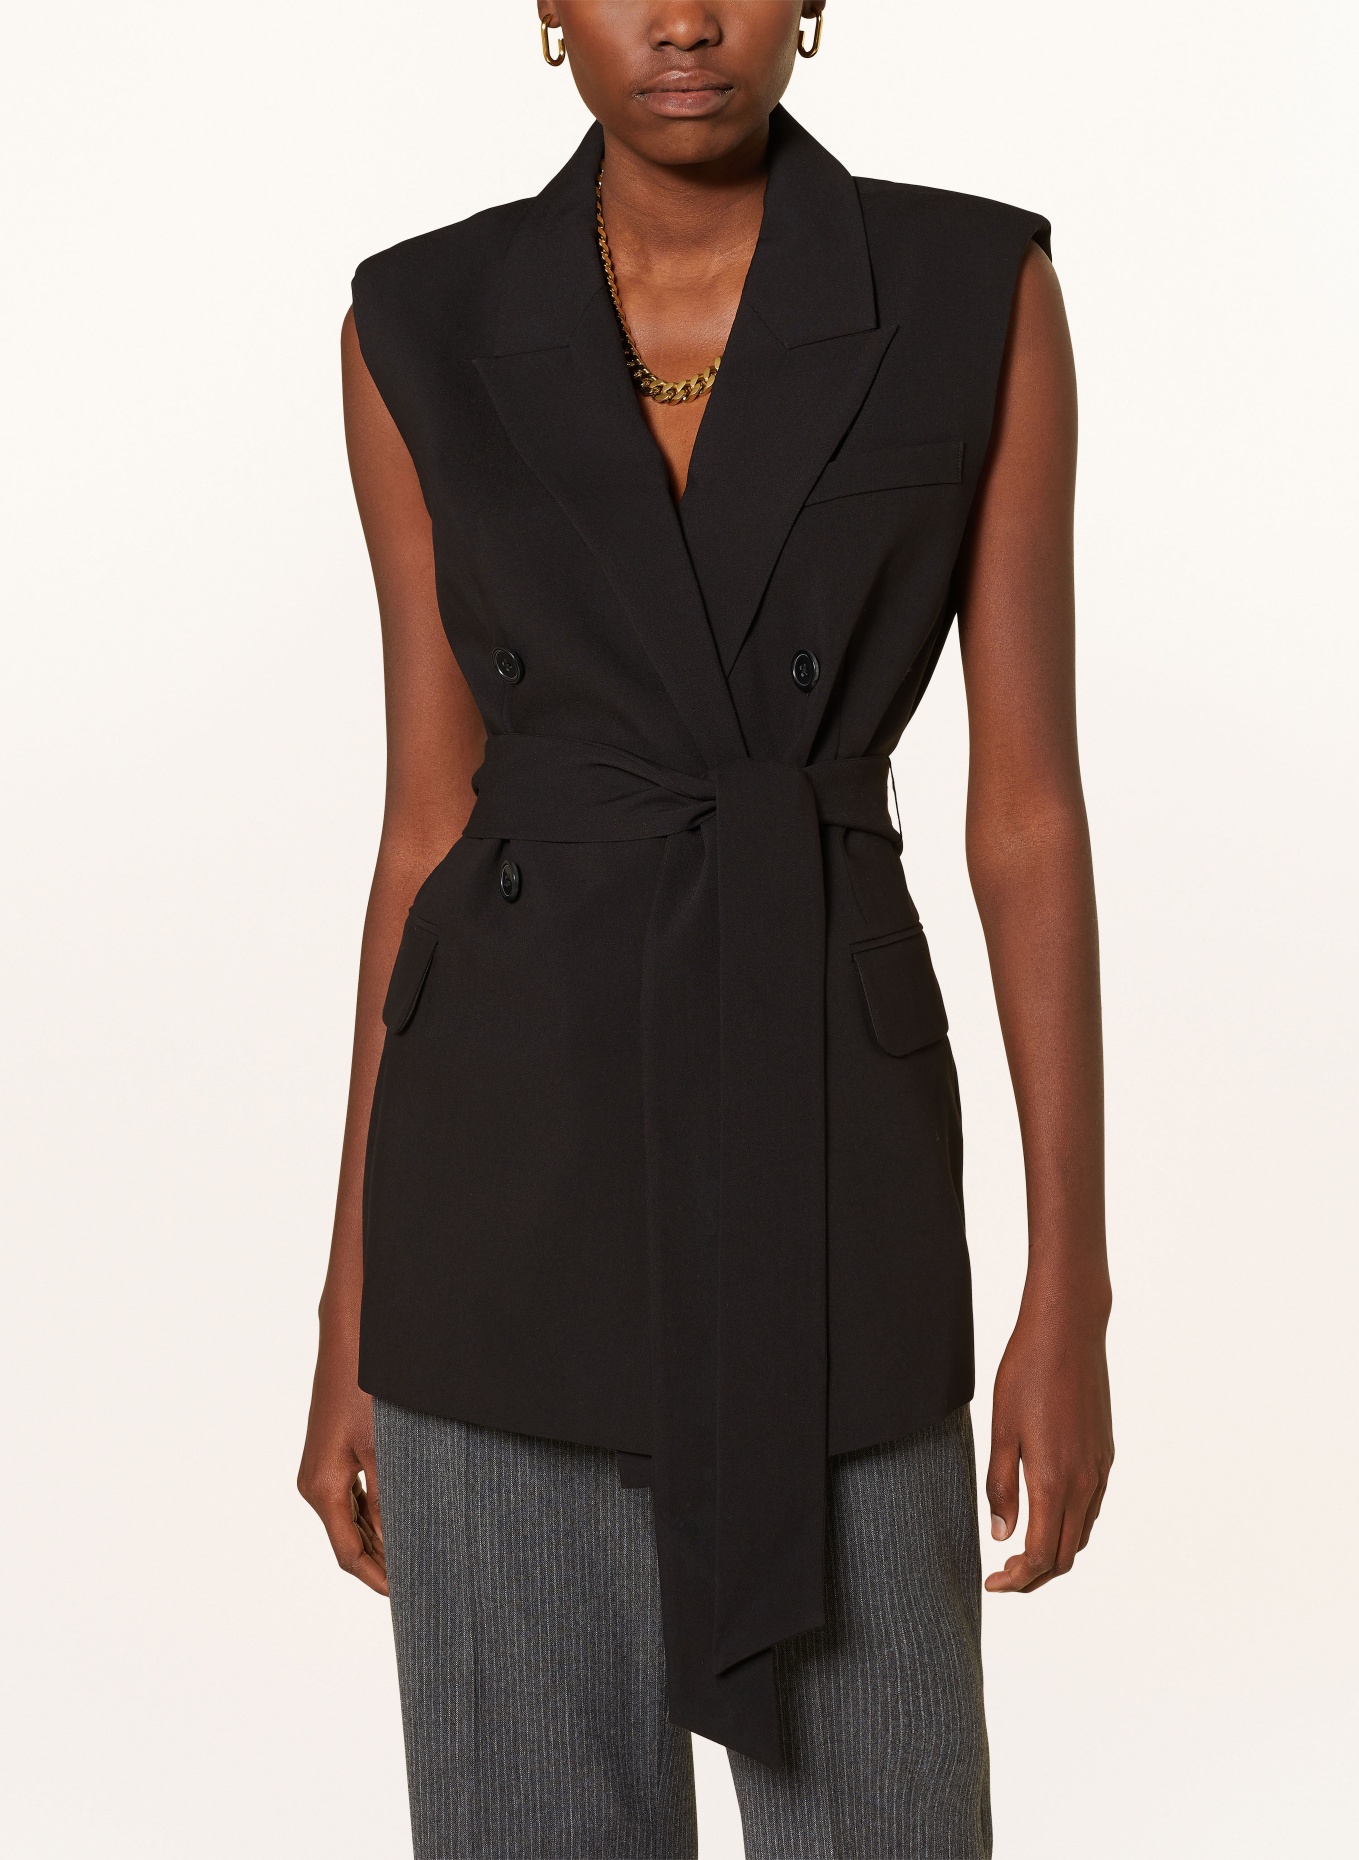 MRS & HUGS Blazer vest, Color: BLACK (Image 4)
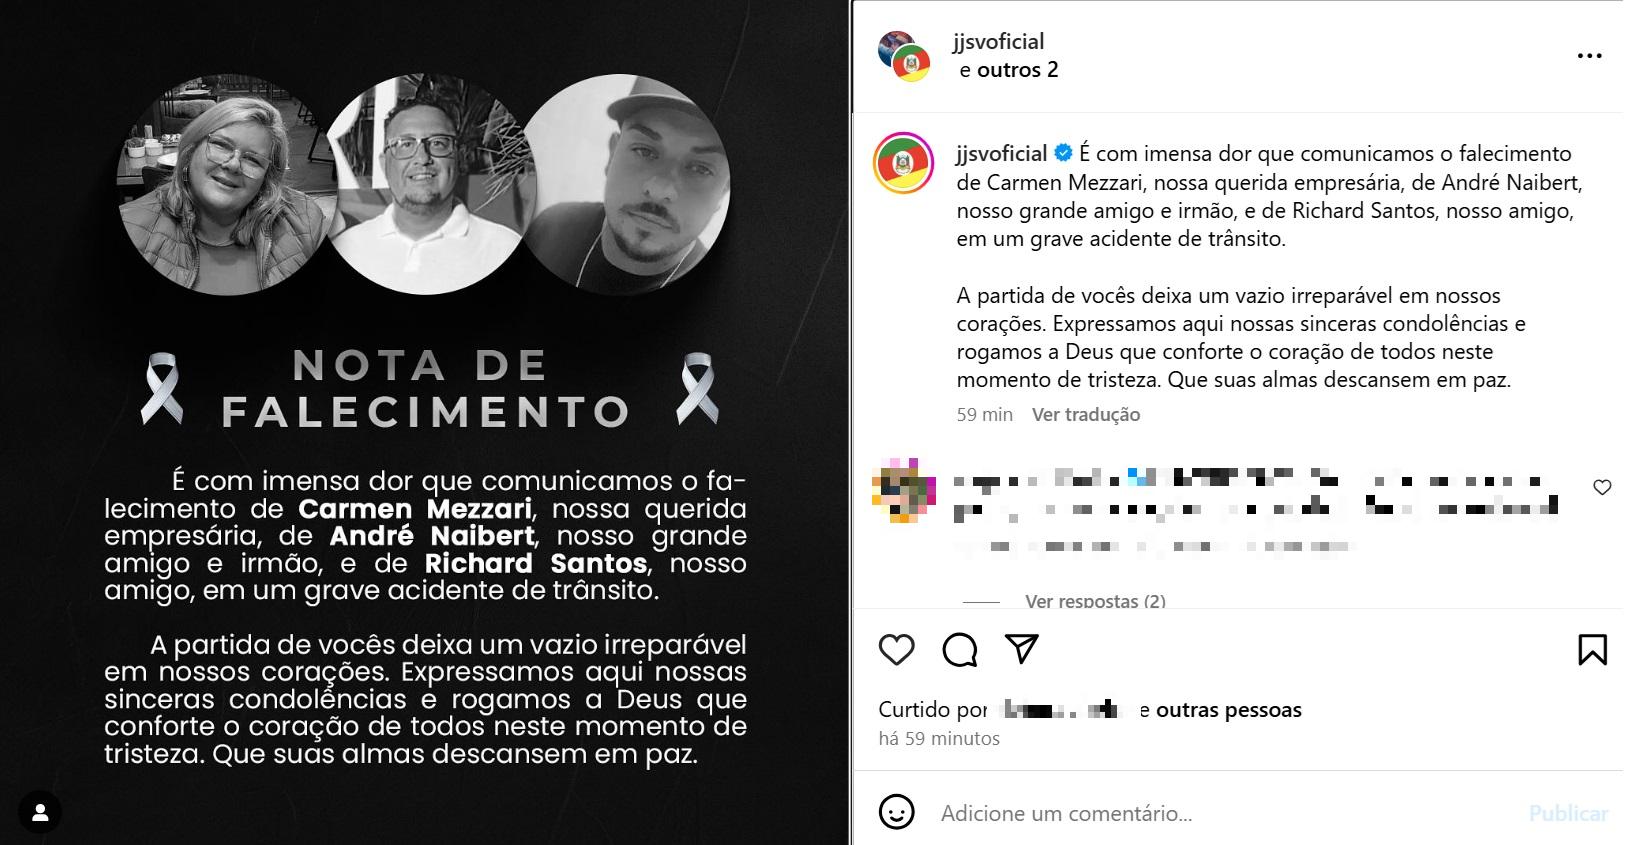 Publicação do Grupo Julian e Juliano & Só Vanerão (JJVS) no Instagram confirma a identidade das vítimas da colisão e lamenta a morte das três pessoas
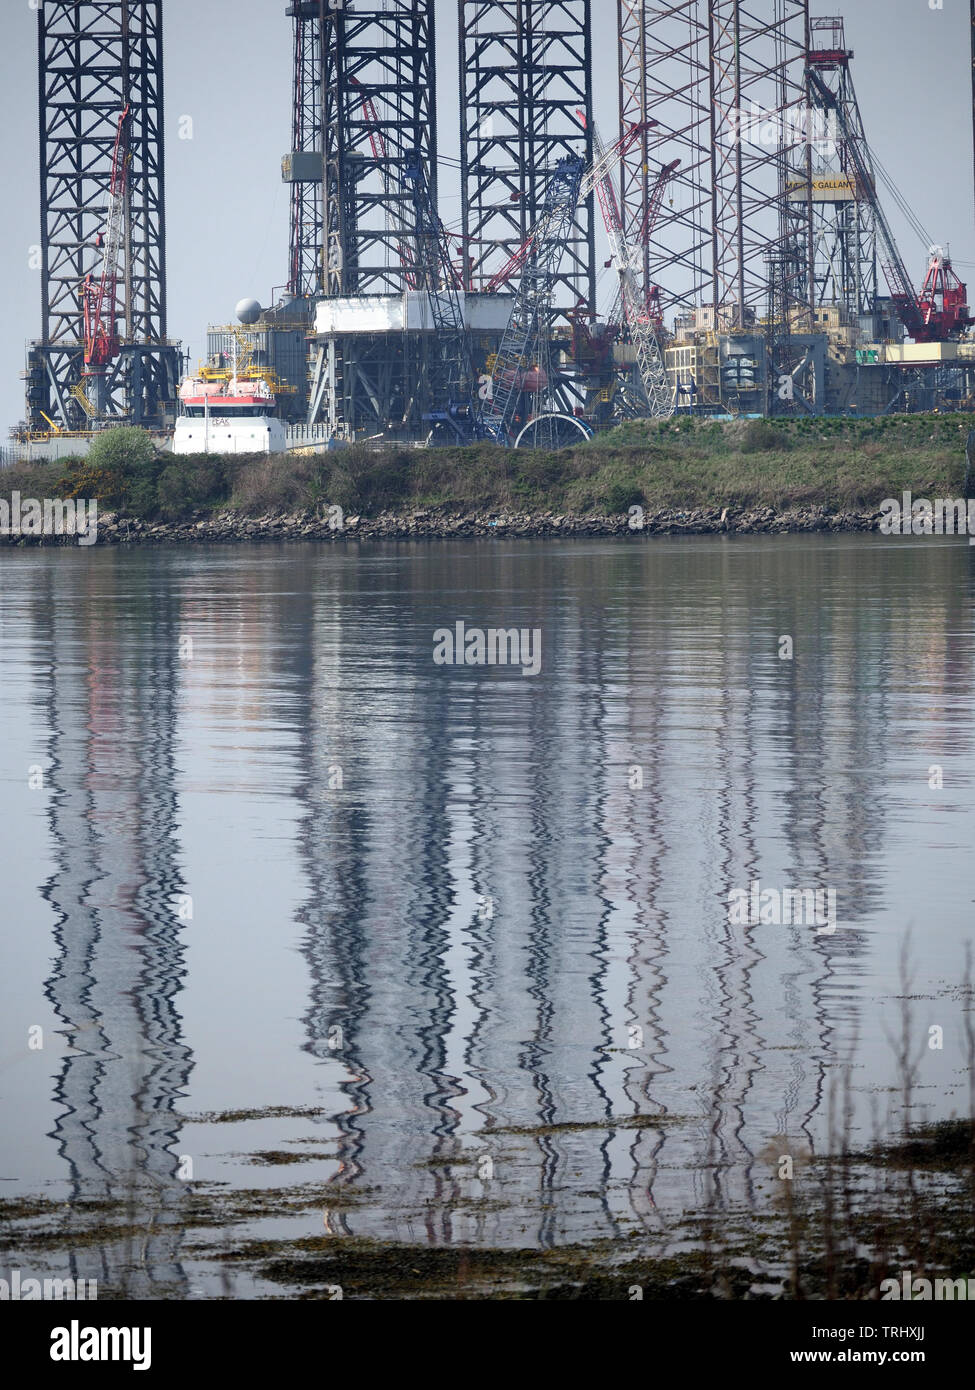 La riflessione di olio-rig portali nei paesi industrializzati area portuale di Dundee, sul Firth of Tay in Scozia, Regno Unito Foto Stock
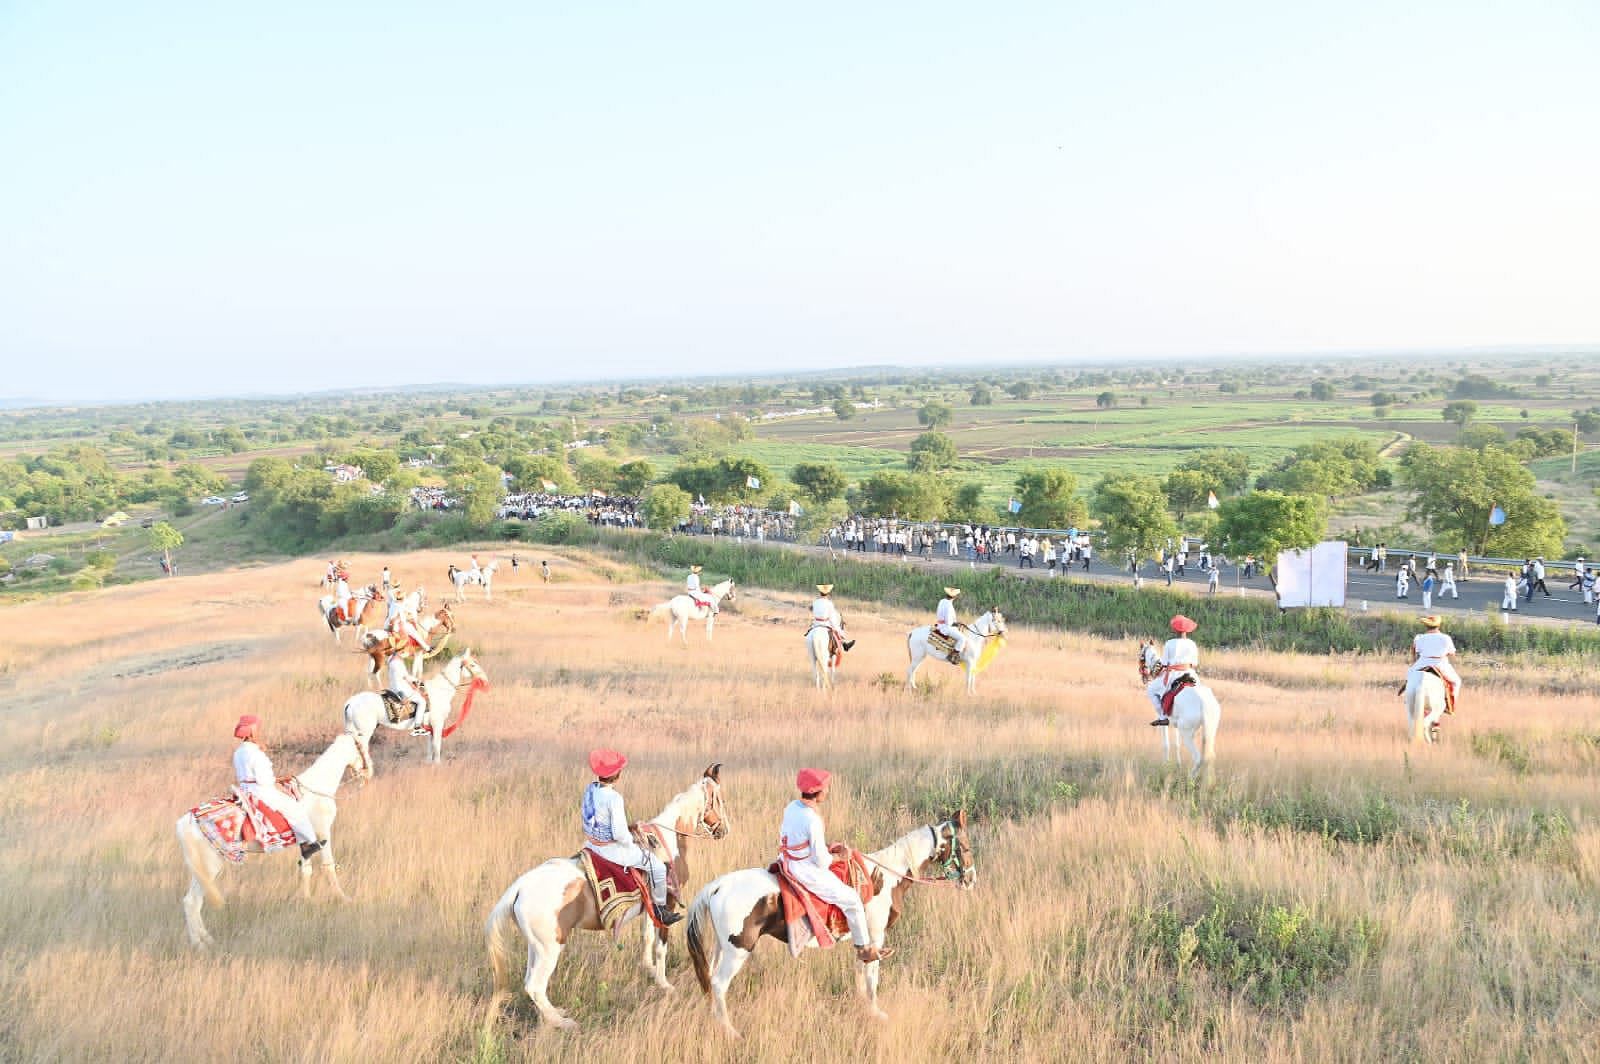 Vilas Patil and his fellow horsemen waiting for Rahul Gandhi dressed up like Shivaji's soldiers | Purva Chitnis

▶ [What the task requires] Produce an exact copy of the lines from the line containing "La riflessione di" to the end of the material, both ends included, and omit every picture.

▶ [Response to this task]
 La riflessione di olio-rig portali nei paesi industrializzati area portuale di Dundee, sul Firth of Tay in Scozia, Regno Unito Foto Stock
 Vilas Patil and his fellow horsemen waiting for Rahul Gandhi dressed up like Shivaji's soldiers | Purva Chitnis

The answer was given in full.